The application of Item 10 Exemption has always been unclear. The CCI had dealt with the applicability of Item 10 Exemption in its decisions in the TCL-Wyoming case4 and the Nestle-Pfizer case. From these decisions, it appeared that if (a) the parties to the transaction are present in India (either on their own or through their subsidiaries) and (b) the transaction met the India nexus thresholds prescribed under Section 5 of the Act, the transaction cannot be said to be "taking place entirely outside India" and therefore the exemption would be inapplicable.


Arguably, the CCI's decisions in the TCL-Wyoming and Nestle-Pfizer cases had rendered Item 10 Exemption. That said, the simple fact that the CCI retained Item 10, Schedule I even after two rounds of amendment added to the confusion on applicability of the Item 10 Exemption.


By deleting with the Item Exemption, the CCI has put all speculation to rest. Perhaps with this amendment, the CCI seeks aligning itself with the approach that most competition authorities appear to have adopted i.e. to rely largely on 'objective' criteria in the form of turnover and/or asset thresholds to determine whether a wholly-offshore combination requires notification.


The CCI is not alone in taking a turnover/asset-focussed stance when assessing the need for prior notification. Under the European Union Merger Regulations, a 'concentration' must have a 'community dimension' in order to be notified. This translates into monetary thresholds in the form of a combined turnover of the undertakings having to exceed €5000 million worldwide, provided that, at least two of the undertakings have a turnover within the EU of at least €250 million, and their business isn't primarily restricted to the same Member State.


Other competition authorities have taken similar stands on the point of local nexus. For instance, emerging jurisdictions like Brazil simply rely on the achievement of turnover thresholds in the country.
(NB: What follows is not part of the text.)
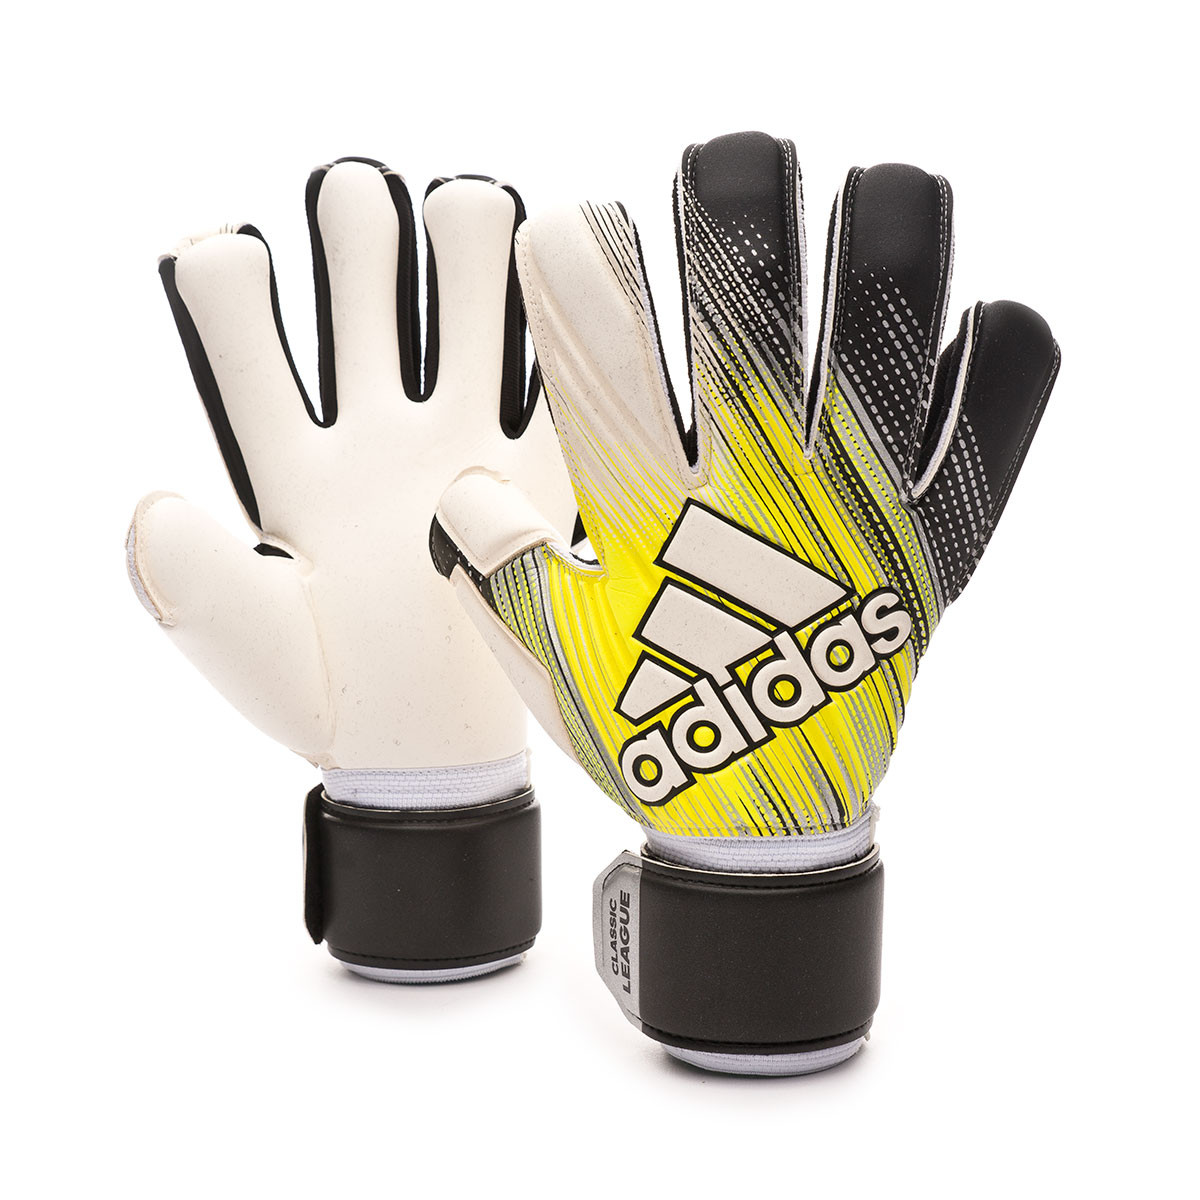 adidas classic league gloves

The recent amendment by the CCI however seems to be in contradiction with the best practices recommended by the International Competition Network ("ICN") on the issue of 'local nexus' in its Recommended Practices for Merger Notification Procedure. It refers to the thresholds that should be taken into account to determine whether notification is necessary and suggests that, 'the relevant local activities of the acquired party should generally be limited to the local sales or assets of the business(es) being acquired'. Canada adopts a more effects-based test whereby the transaction must involve an 'operating business' in Canada, where employees ordinarily report for work. The US also looks for a connection to US commerce and has devised several situations in which the acquisitions of either foreign assets or voting securities of a non-US issuer will be exempt from notification.

Conclusion


Despite some of the uncertainties surrounding the Indian merger regime, one thing which can be asserted with certainty is that the CCI has been learning from its experience. The three rounds of amendments have been carried out with the sole purpose of achieving a more workable and practical merger control review system in India. We hope that the uncertainties brought in by the new set of changes will be resolved through the CCI's decisional practice without undue delay.

Footnote:
1 Para 9 of order dated April 26, 2012 in Notice for amalgamation jointly filed by Tech Mahindra Limited, Satyam Computer Services Limited and C&S System Technologies Private Limited, Combination Registration No. C-2012/03/48. 2 Order under Section 43A dated December 19, 2013 in Combination Registration No. C-2013/05/122. 3 Section 5 of the Competition Act defines a combination as a transaction (irrespective of whether it is in the form of an acquisition, merger or amalgamation) which satisfies the asset or turnover thresholds prescribed in Section 5 of the Competition Act. Further, only such 'combinations' are subject to the prior notification requirement to the CCI under Section 6 of the Competition Act. 4 Order dated December 28, 2011 in Notice for merger filed by TCL and Wyoming I Combination Registration number C-2011/12/12

Disclaimer - The views expressed in this article are the personal views of the authors and are purely informative in nature.